Last edited by WindGuru; Apr 22, 2013 at 04:08 AM.
  #7  
Old May 29, 2013, 01:10 PM
WindGuru WindGuru is offline
Junior Member
 
Member Since: Apr 2013
Posts: 10
I just...wow.

I don't think I've ever been quite so insulted in my entire life. I'm sorry if it violates rules to bump a thread, but honestly it seems to to be the best thing right now. Things haven't been great recently but I've moved on and they're on the mend. I've spoken with my ex-friend and her partner a few times, civilly, and never for long.

However, I was given an absolutely abusive message last night from my friend's partner. I've been on the receiving end of some heavy abuse in my life, but this was vile; telling me that my personal interests are disgusting and nobody cares what I do, and that I should never get close to someone in my life again because I might "infect them". Apparently there "isn't a part of you that's not revolting" and I've never noticed a friend when they're upset.

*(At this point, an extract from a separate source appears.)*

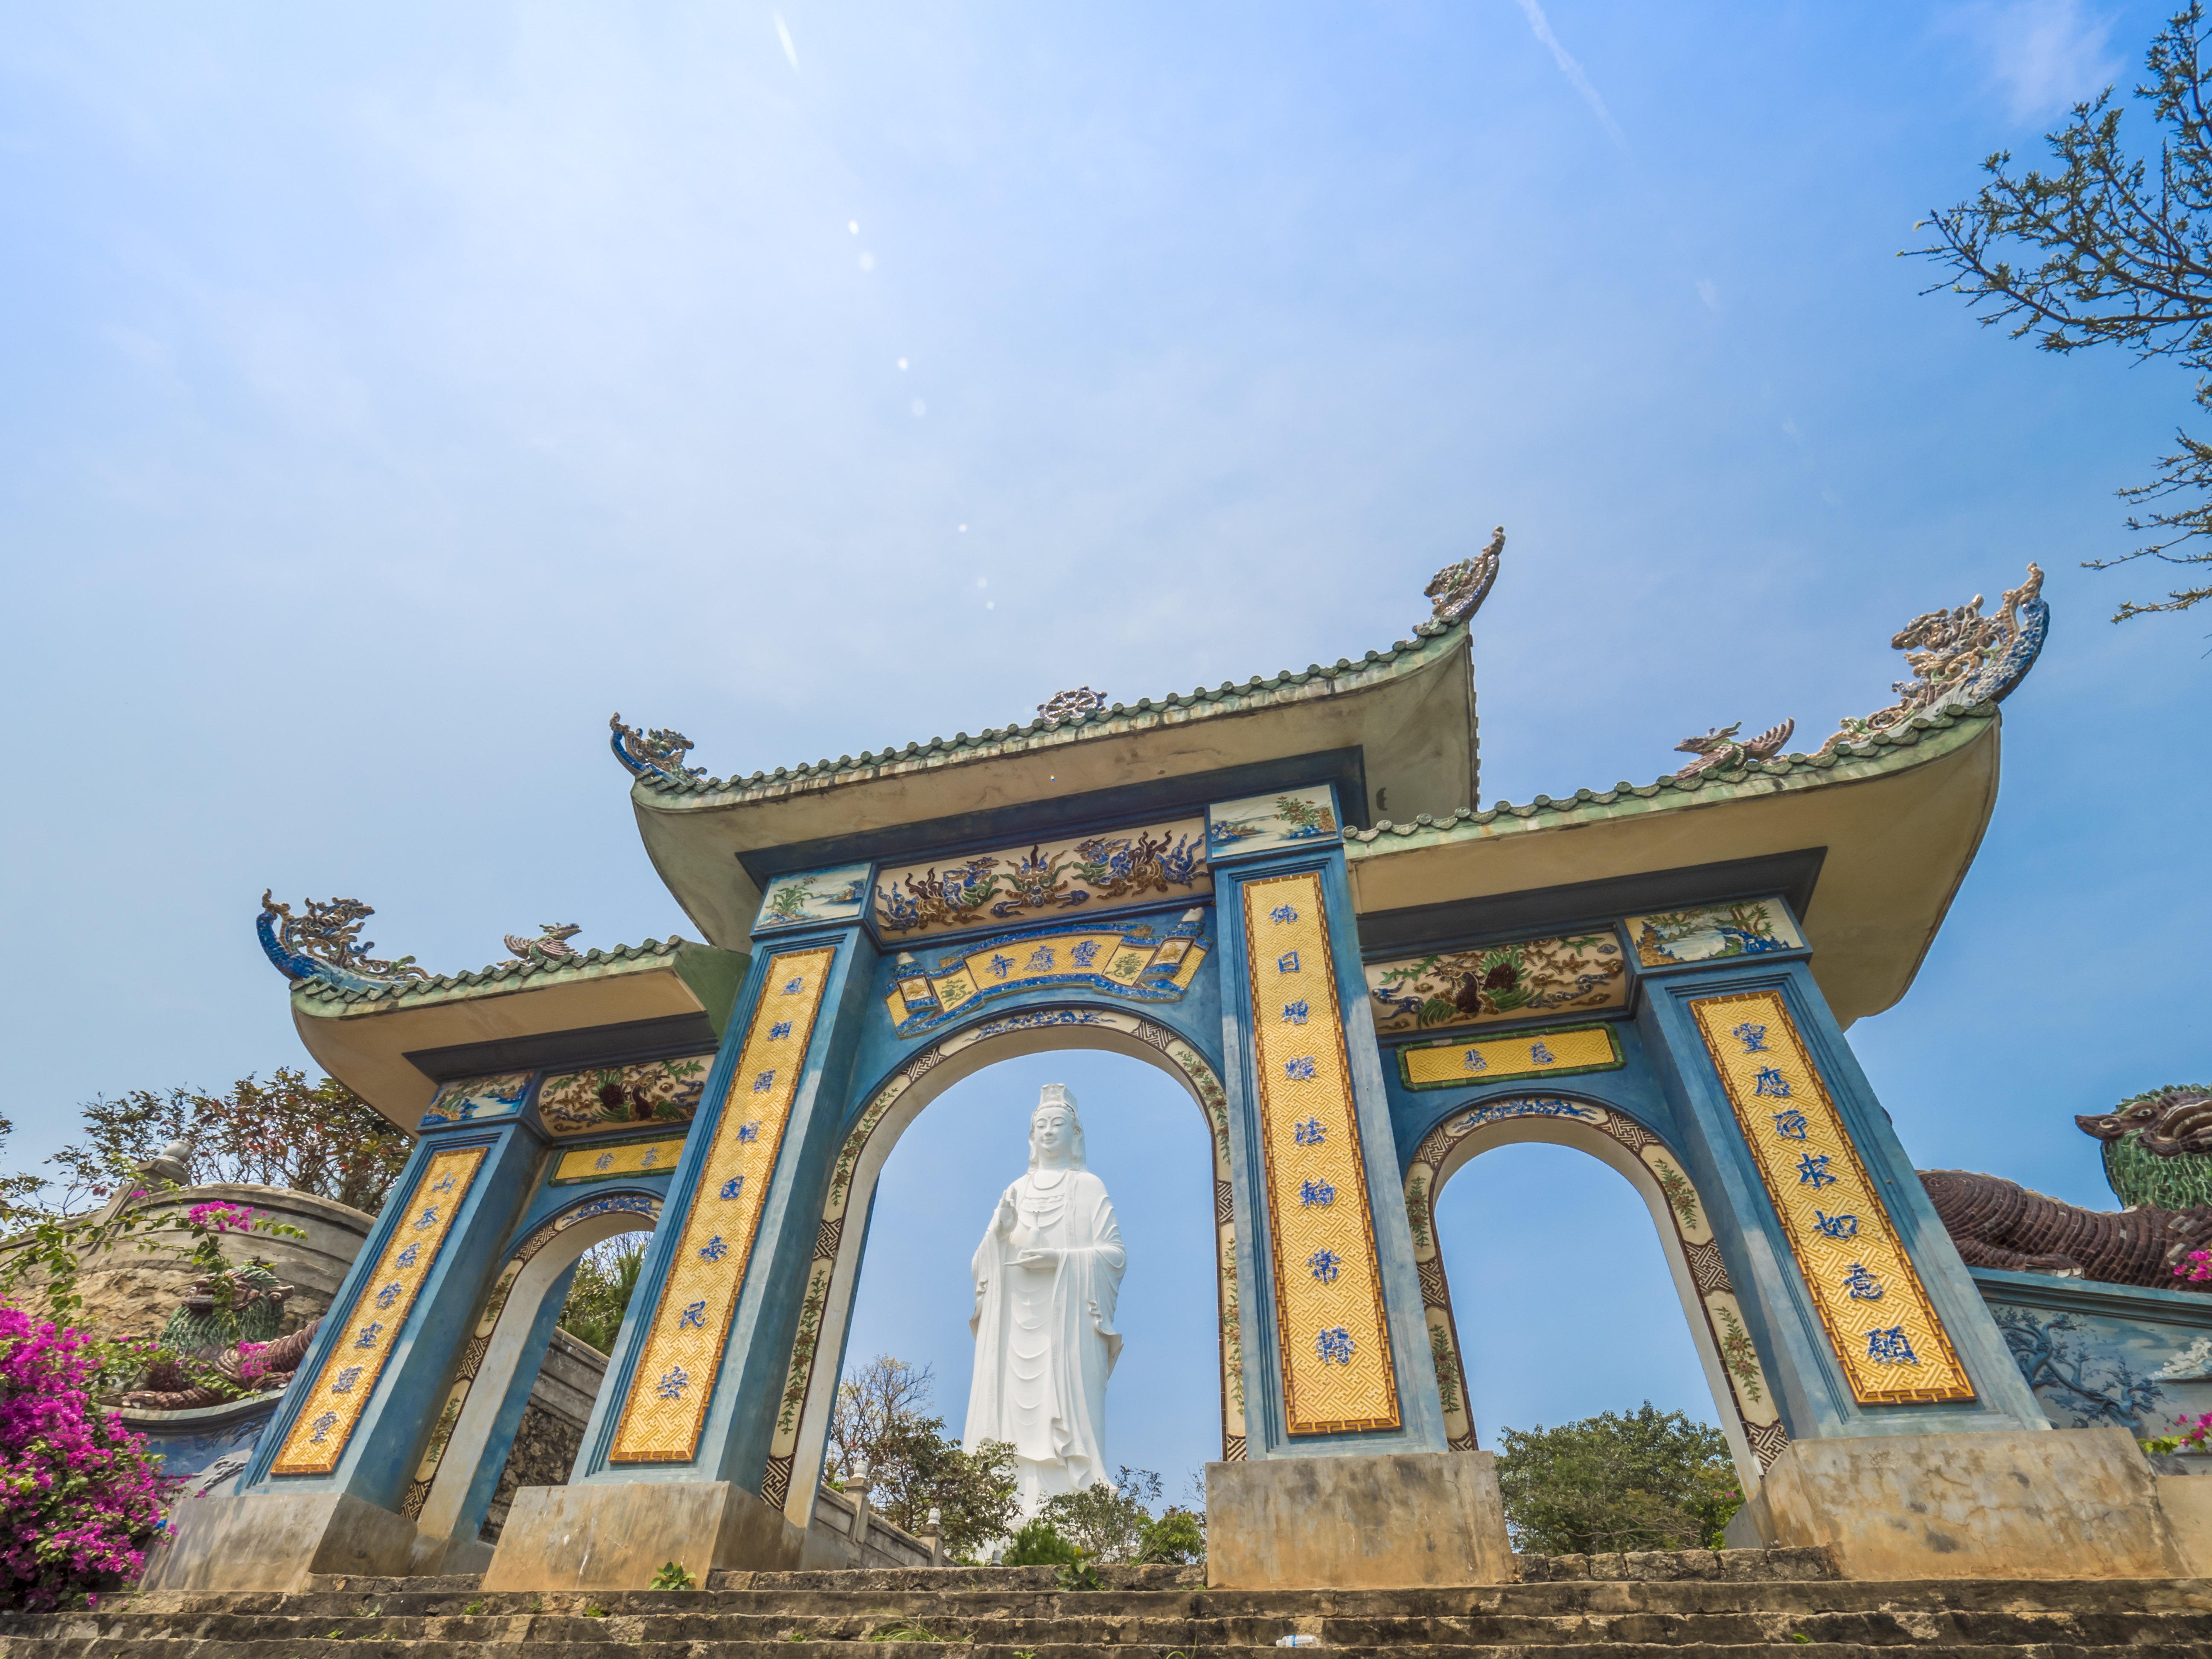 【搜罗自然风光】 ◎ 山茶半岛&灵应寺:也叫山茶山,猴山,处在岘港
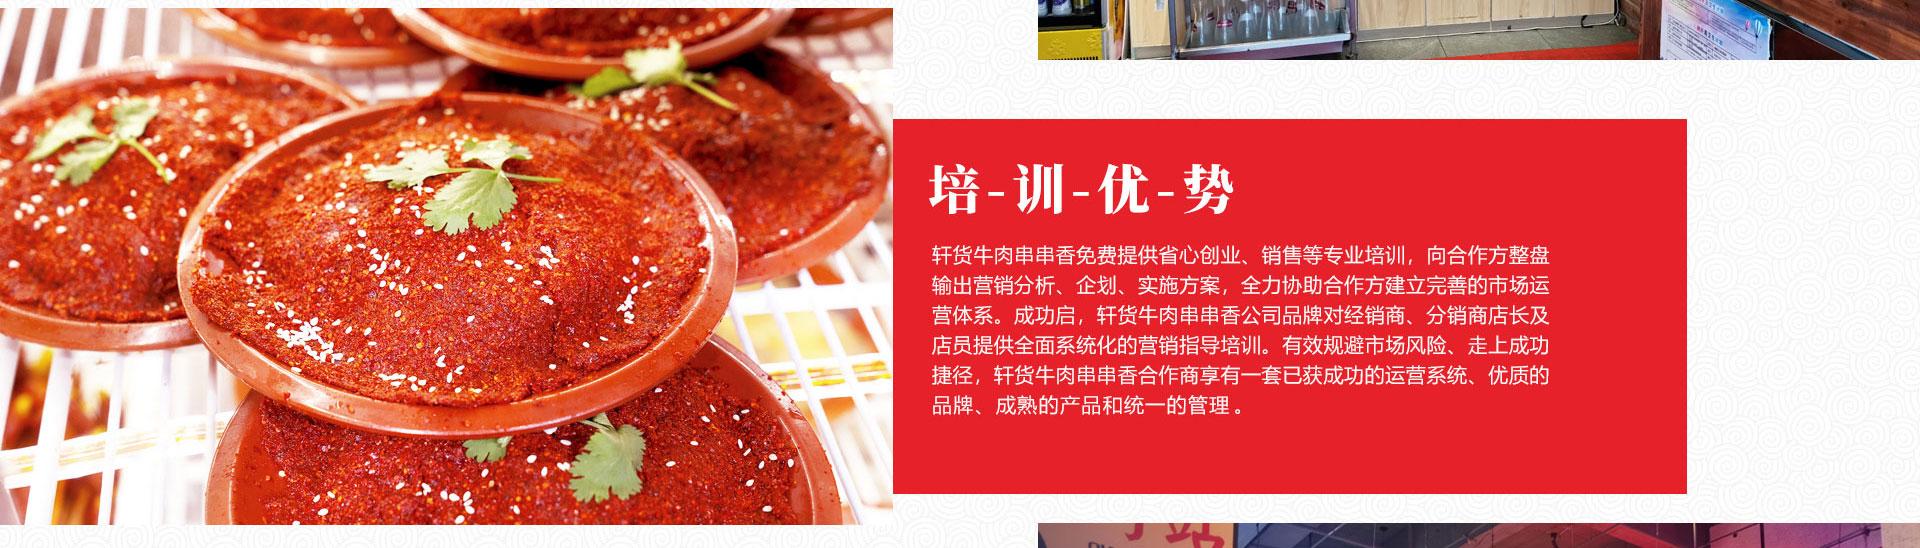 轩货牛肉串串香xhccx_13

That's such an untruth. I've loved other people a lot.

Just thinking about it makes me shake with rage. I've never felt angrier in my entire life. I feel like running out to bash someone's head in...but I know I'm bigger than that. It's frustrating because I wrote a letter (lying unsent in my drawer) to these people telling them I still loved them. I still have it with me. Honestly I respected these people and wanted to try and work things through even still. I've had six years with these people, and for someone to throw **** at me like this is...it beggers belief. I'm trying to love them still, and I do want to, but I know my respect for them is now near zero. Yes, perhaps the onus is on me to do something, but it's hard to when the door hasn't just been slammed in my face, but when someone opens it a crack and then starts firing an AK47 into my face.

I can't honestly work out why they sent this. Apparently it's taken a while to work through, but do they just want to get "one up" on me, or teach me a hard lesson? I appreciate that the person who sent this (my ex-friend's partner) has autism so perhaps imagines that it will help things.

The fact is that it stings because I can see some truth in the words. I have had faulty ideas about what friendship was, and for various reasons (not all in my control, though some have been) I just haven't connected well with many people. I wish I could just toss this message away, but because I respect(ed) these people, it still lingers on.

I'm no saint, and I am sorry for what I've done, but I don't think I'm revolting entirely either.

Sometimes I honestly feel like I'm in a Life of Brian situation:

"You're revolting!"
"I'm not revolting!"
"Only a revolting person denies he is revolting!"
"Alright I am revolting!"

Last edited by WindGuru; May 29, 2013 at 01:25 PM.